Understanding the life cycle of the flea will help people understand the importance of the follow-up treatments for effective, long-term flea control. The life span of fleas is strongly influenced by environmental factors such as heat and humidity. The full cycle can take as little as three weeks or as long as two years. Fleas prefer temperatures ranging from 60 to 80 degrees and their optimal humidity level is between 70 to 85 percent.Given these conditions fleas have been known to live as long as a year without eating. The norm, however, is 6 to 12 months. To start a new generation on its way, adult fleas must first find a suitable host. Their tiny eyes do not see well and they don't have a nose as we think of one. Instead, fleas use their antennae and bristles to locate their hosts by odour, body temperature and low levels of exhaled carbon dioxide. Changes in light or shadow and air currents may also stimulate activity.

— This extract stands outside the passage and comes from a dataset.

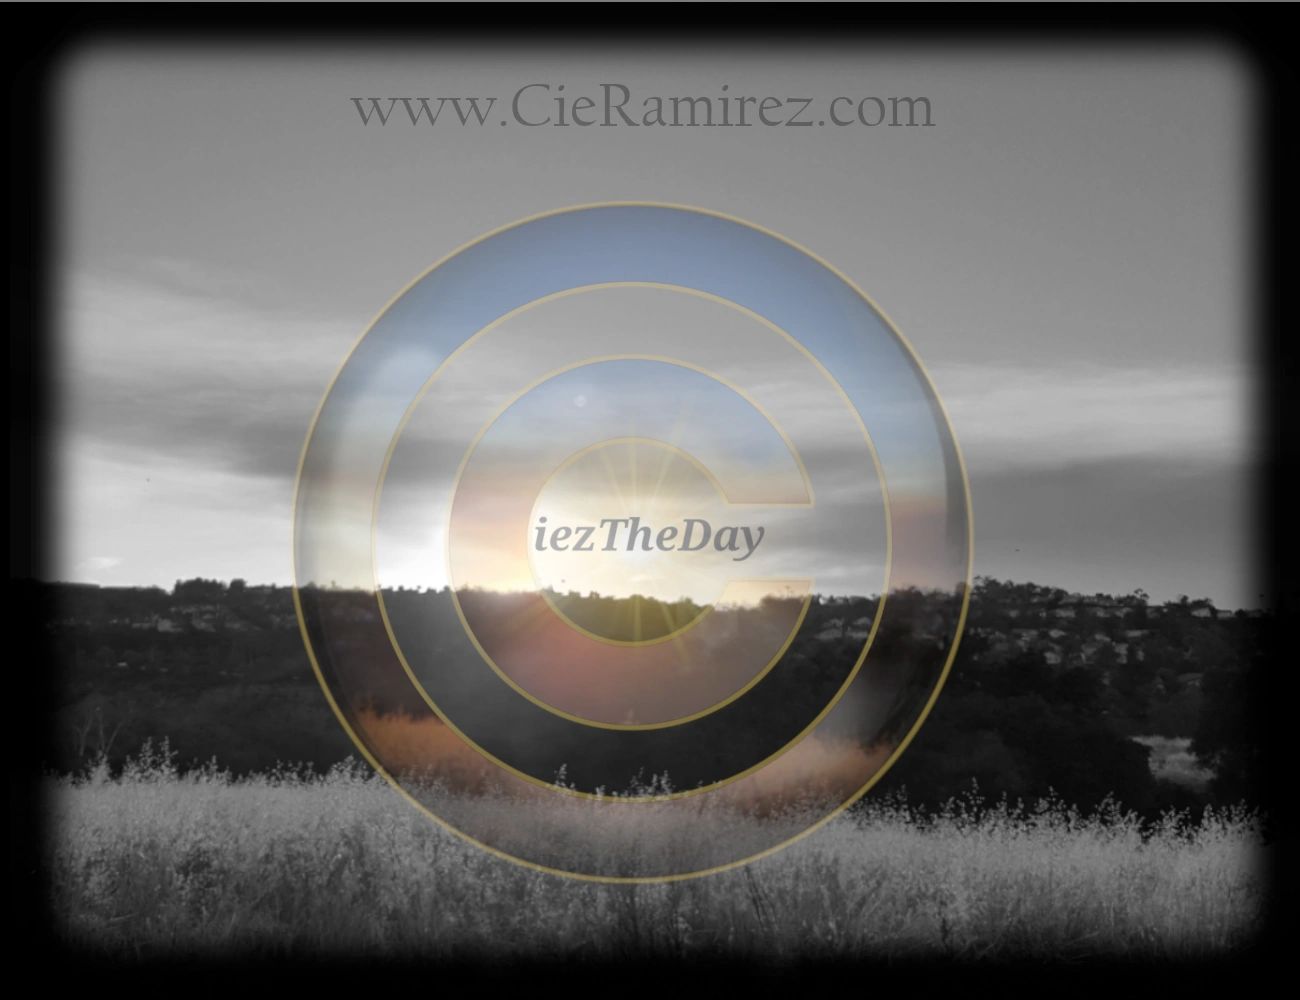 Cie Ramirez - Ciez The Day - Notary Public & Certified Loan Agent

Once the flea has had it's blood meal, it is ready to breed. The female lays approximately 5 to 20 eggs at a time, taking time out for blood meals. Eggs may be laid off or on the host, but even those deposited on the host usually fall off. Each female has the capacity to lay several hundred eggs over her lifetime. In a week to ten days the eggs will hatch into maggot-like larvae. during the next two to three weeks, the larvae move about by they use of anal struts. They feed on the faeces of adult fleas, or on organic material on the ground, mites such as dust mites in carpets - and possibly even on injured fleas.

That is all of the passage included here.